Ingredients
The following ingredients have 10 Servings
- 2 cups wild rice
- 3- 3 1/2 cups chicken broth/stock
- 8 oz. white mushrooms
- 8 oz. portabella mushrooms
- 4 oz. shiitake mushrooms
- 1/2 stick butter
- 1/2 onion, (diced)
- 2 garlic cloves, (minced)
- 2 tbsp. sherry
- 6 oz. bacon, (cooked and crumbled)
- 1 tbsp. fresh thyme, (chopped)
- 1 tbsp. fresh sage, (chopped)
- 2 tsp. salt (to taste)
- 1/4 tsp. black pepper
- 1/2 cup parmesan cheese ((grated))
Instruction
- Preheat the oven to 350 degrees.
- Cook the wild rice in the broth in accordance with the instructions on the package.
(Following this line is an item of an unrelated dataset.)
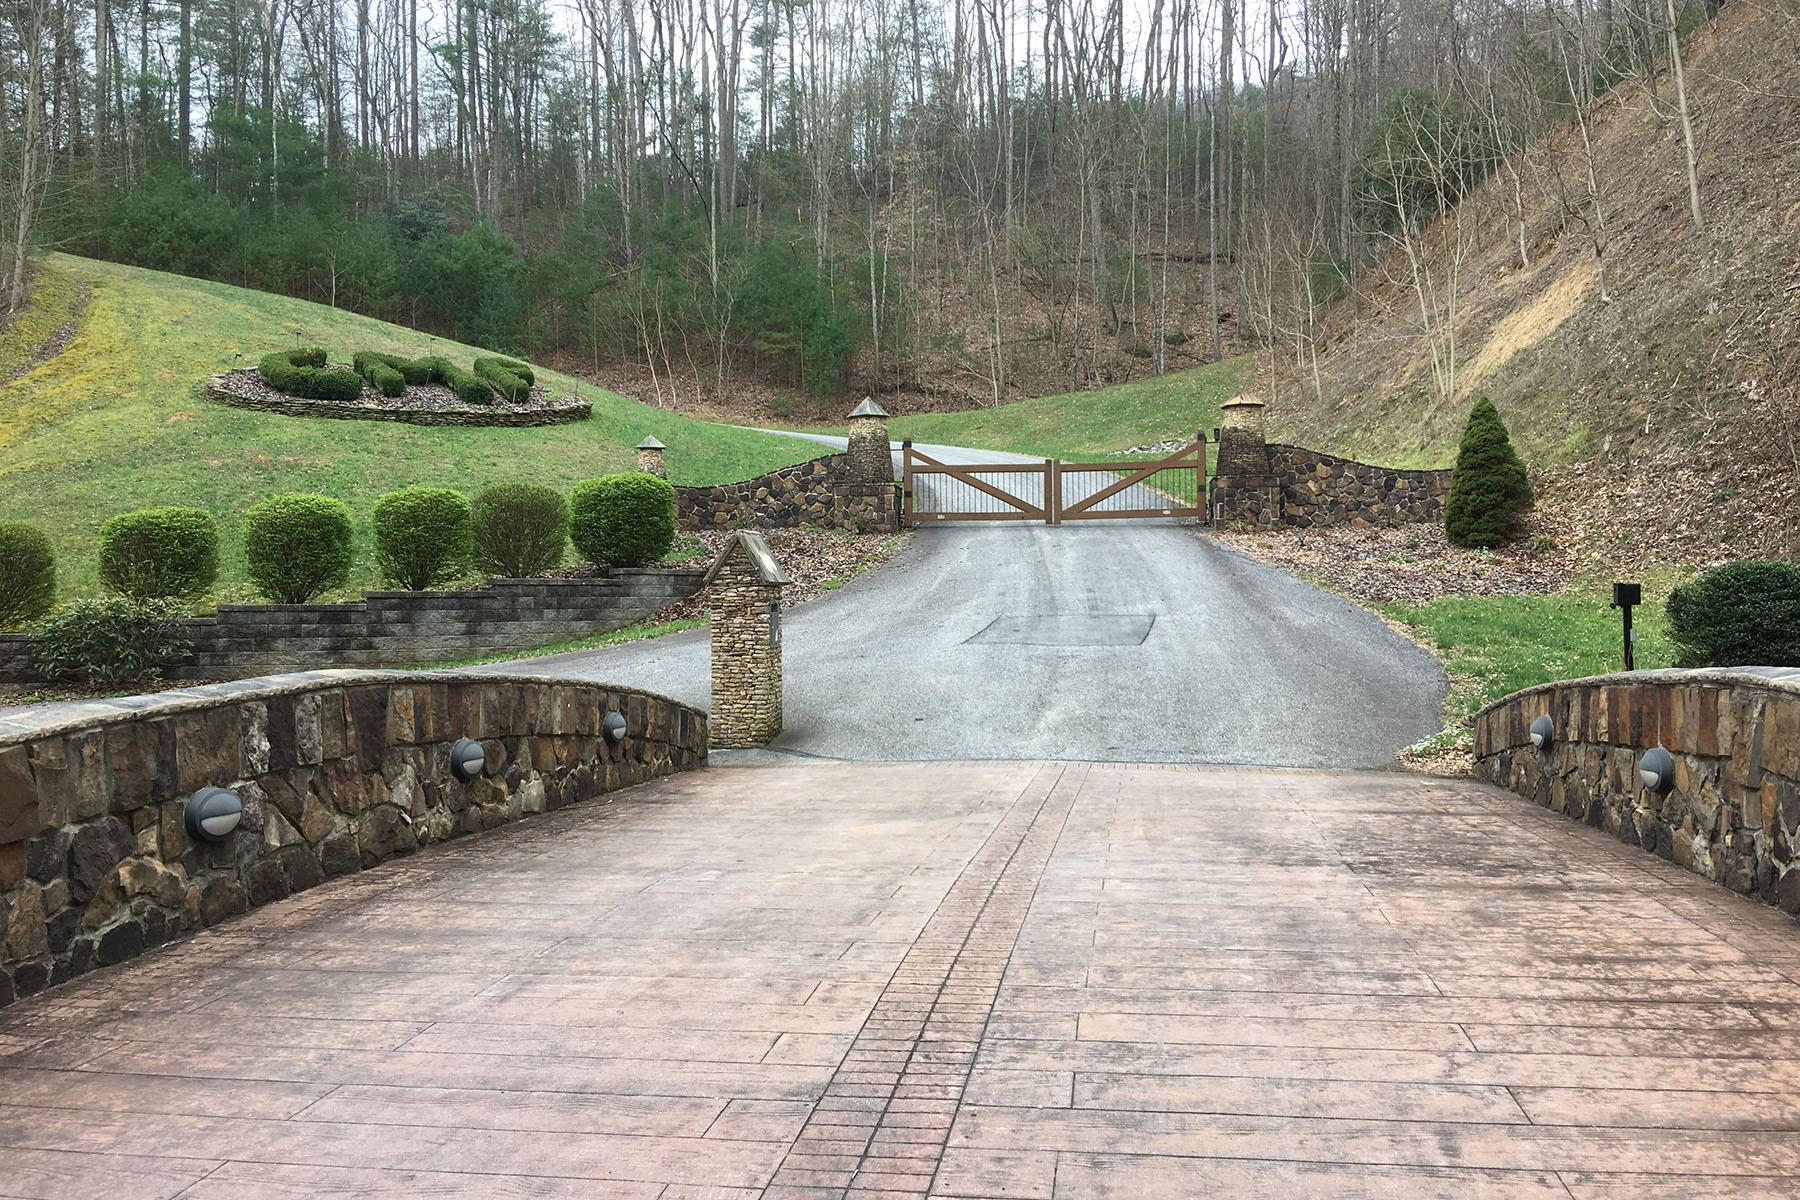 Land for Sale at CHESTNUT MOUNTAIN FARMS - MCGRADY Lot 135 Chestnut Mountain Farms Pkwy McGrady, North Carolina 28649 United States

Mine typically simmers on low, covered, for 45 minutes.
- Once the rice is cooked, pour it into a 9x13 (or 8x11) baking dish and set aside.
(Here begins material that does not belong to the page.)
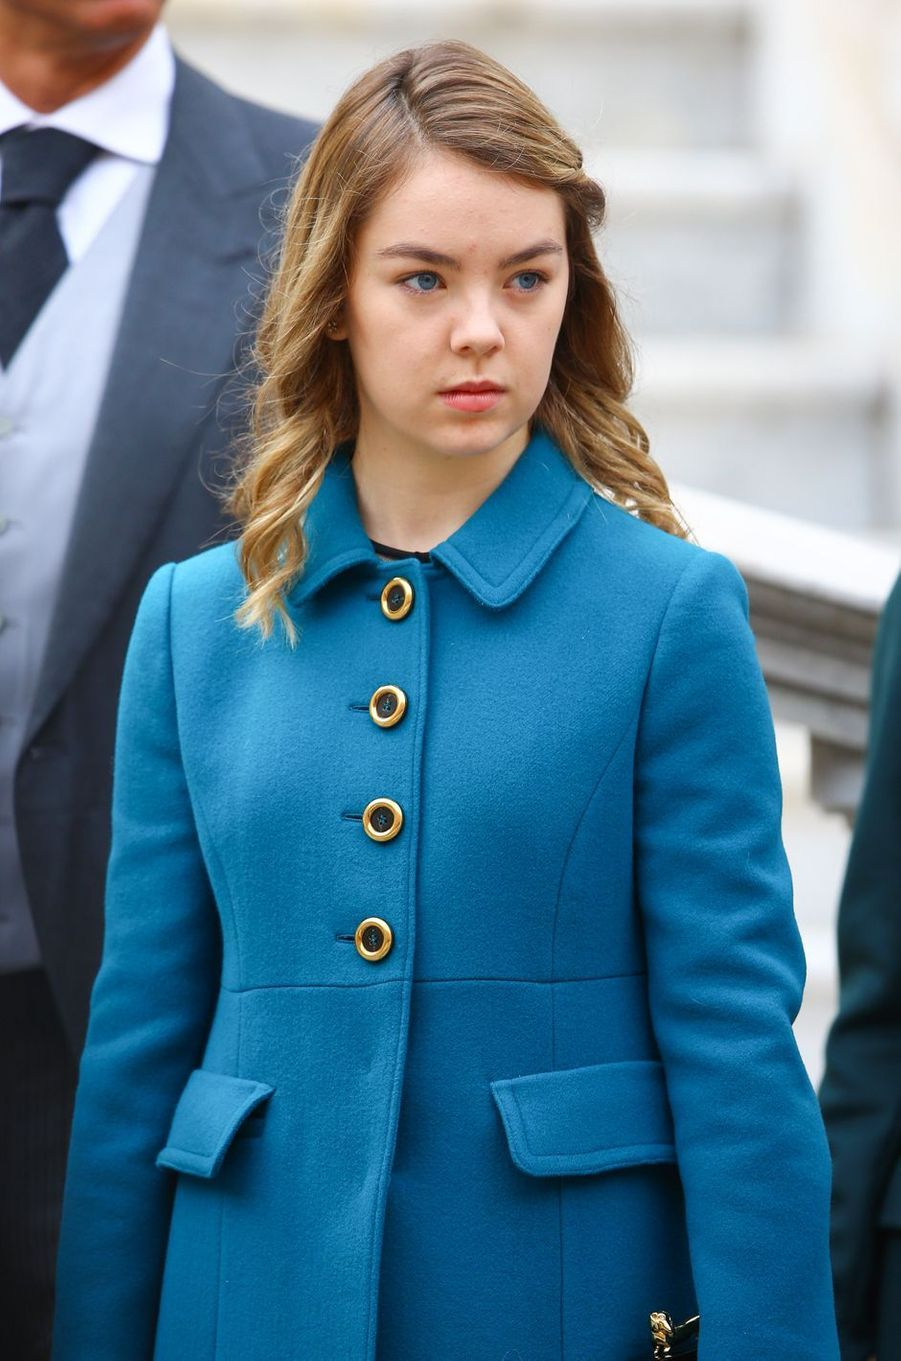 La princesse Alexandra de Hanovre à Monaco le 19 novembre 2016

- Cook the bacon until crispy, remove and drain. Drain excess bacon fat from the skillet, leaving about 1-2 tbsp. Save the bacon fat for future use.
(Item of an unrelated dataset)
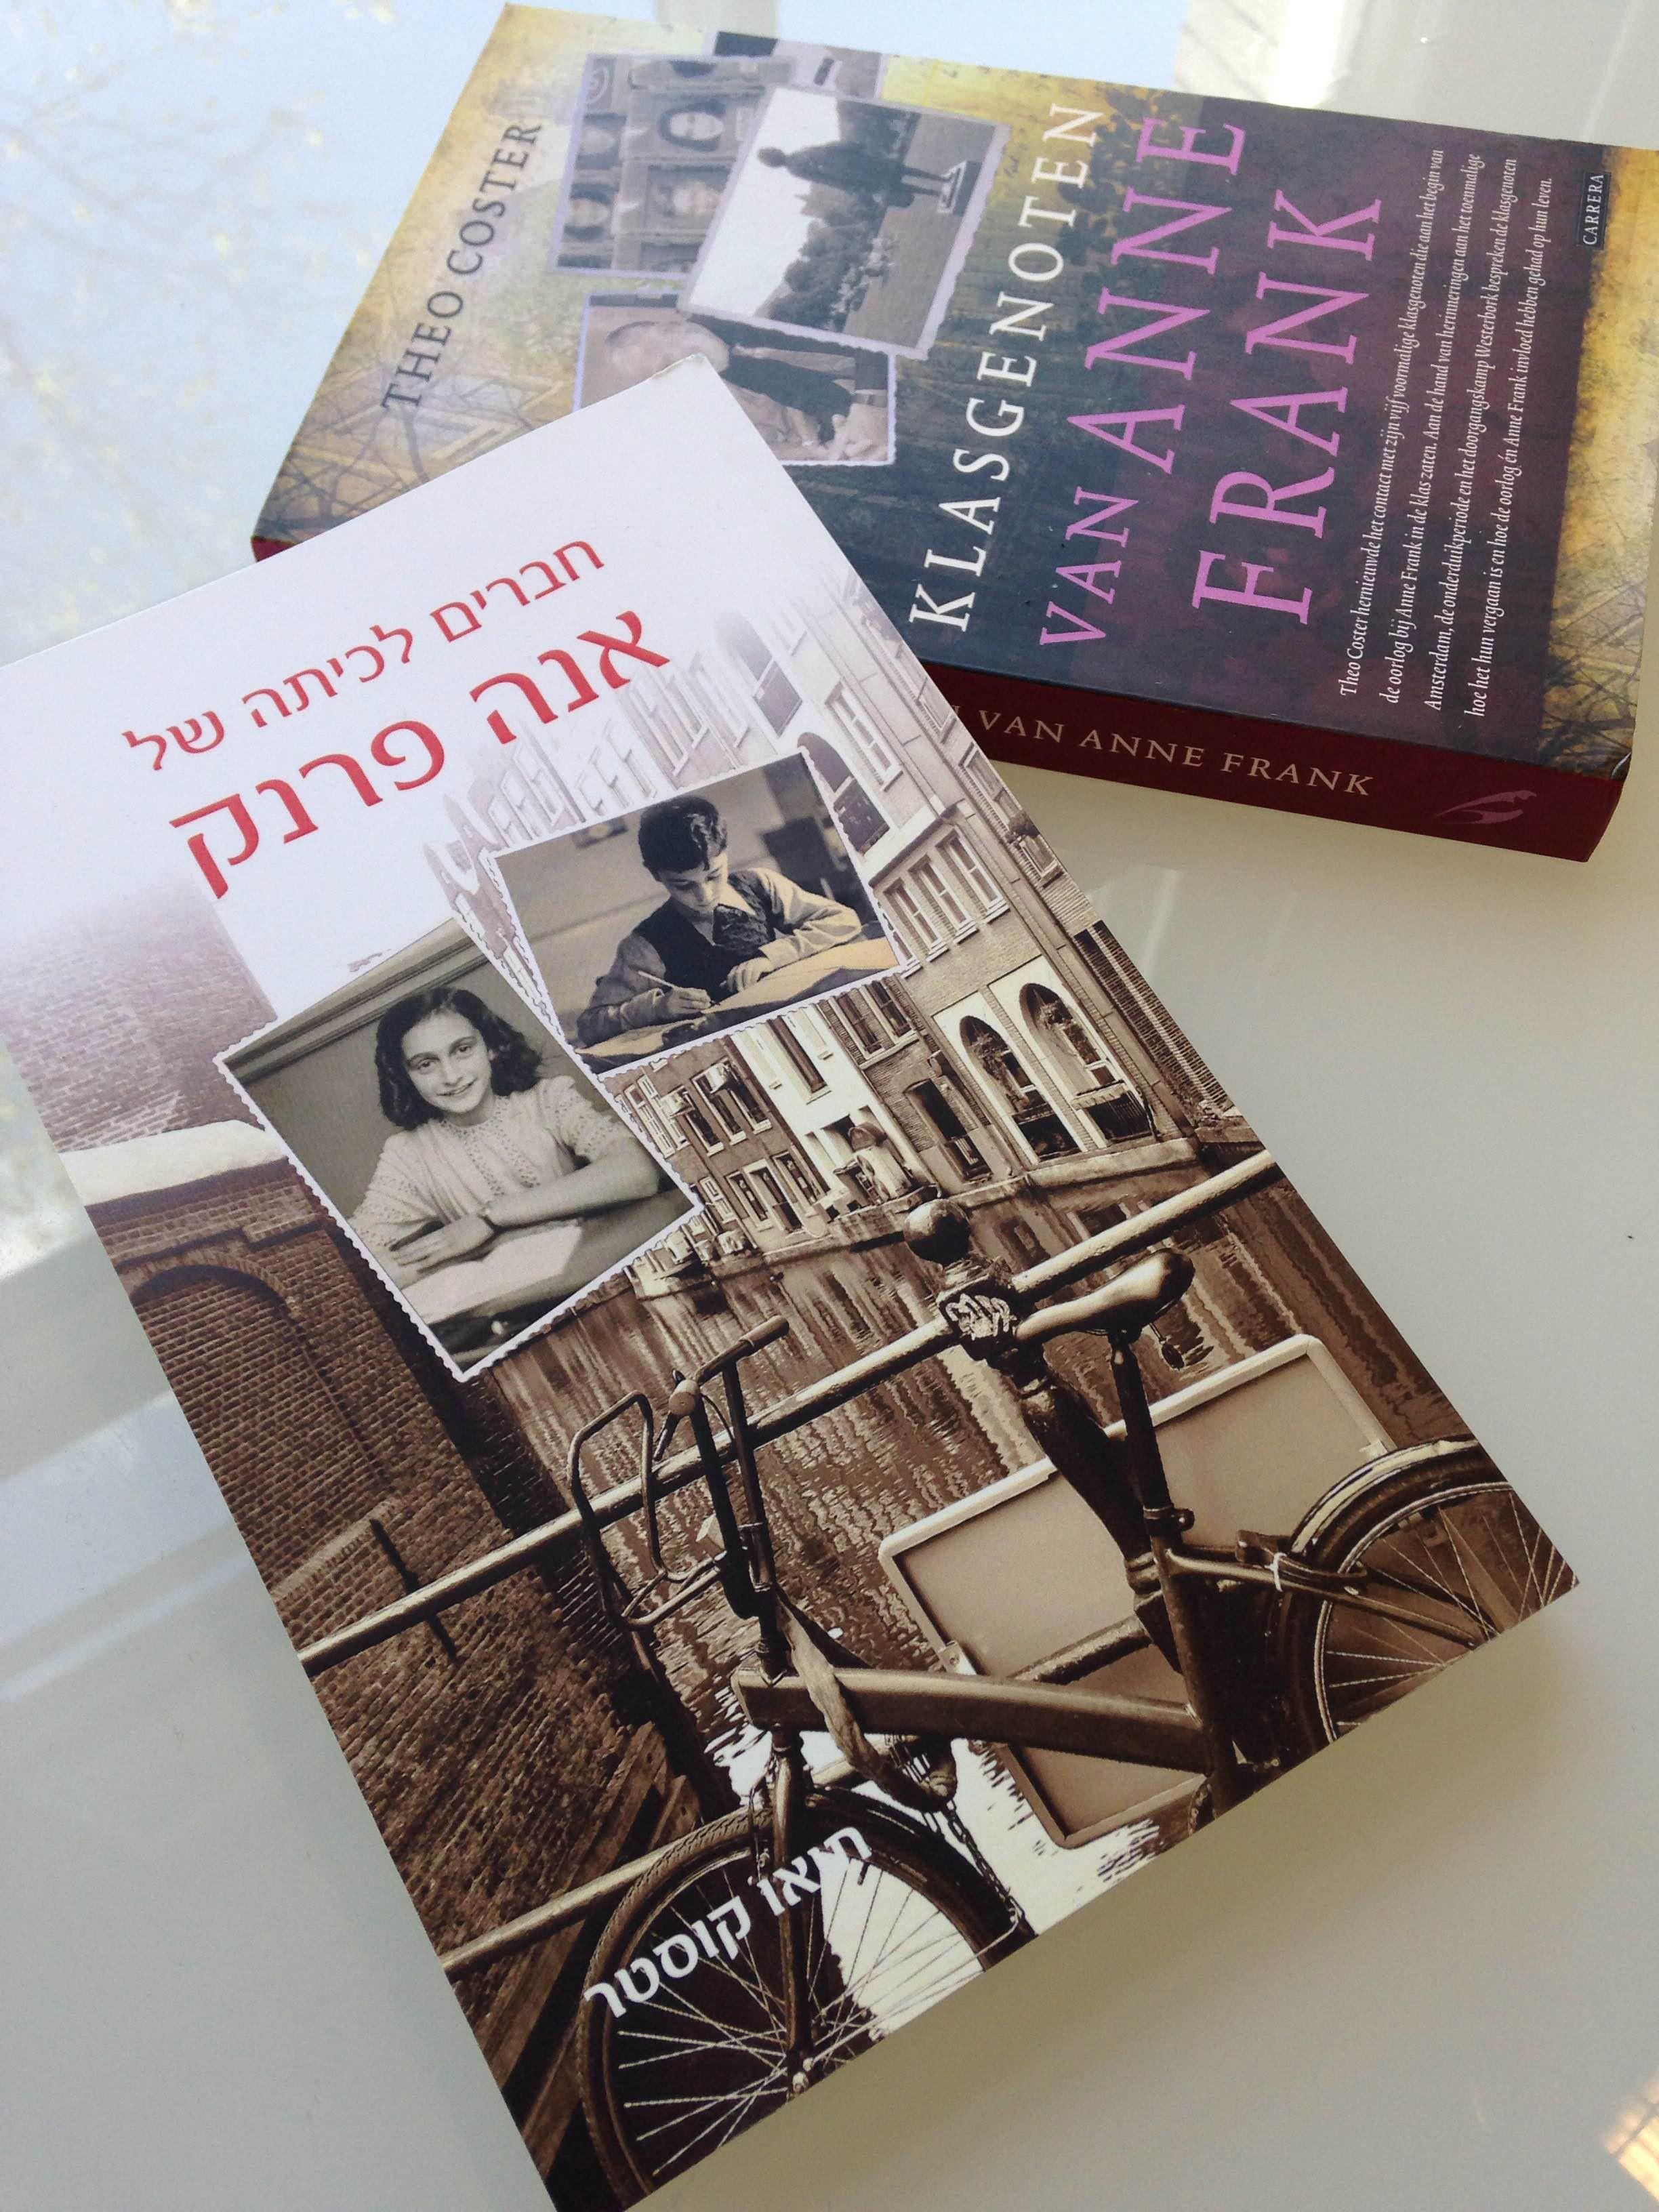 Klasgenoten van Anne Frank_Hebreeuws_Martien Bos

- Heat the skillet over medium heat and add the onions and garlic and cook until soft.
- Add the mushrooms and crumbled bacon and cook until mushrooms start to release liquid, about 10 minutes.
- Add the sherry, salt , pepper and herbs and cook until liquid is absorbed.
- Remove from heat and pour over the rice, stirring to combine the ingredients. Cover with the Parmesan cheese.
- Bake for 15 minutes. Remove and let rest for 10 minutes.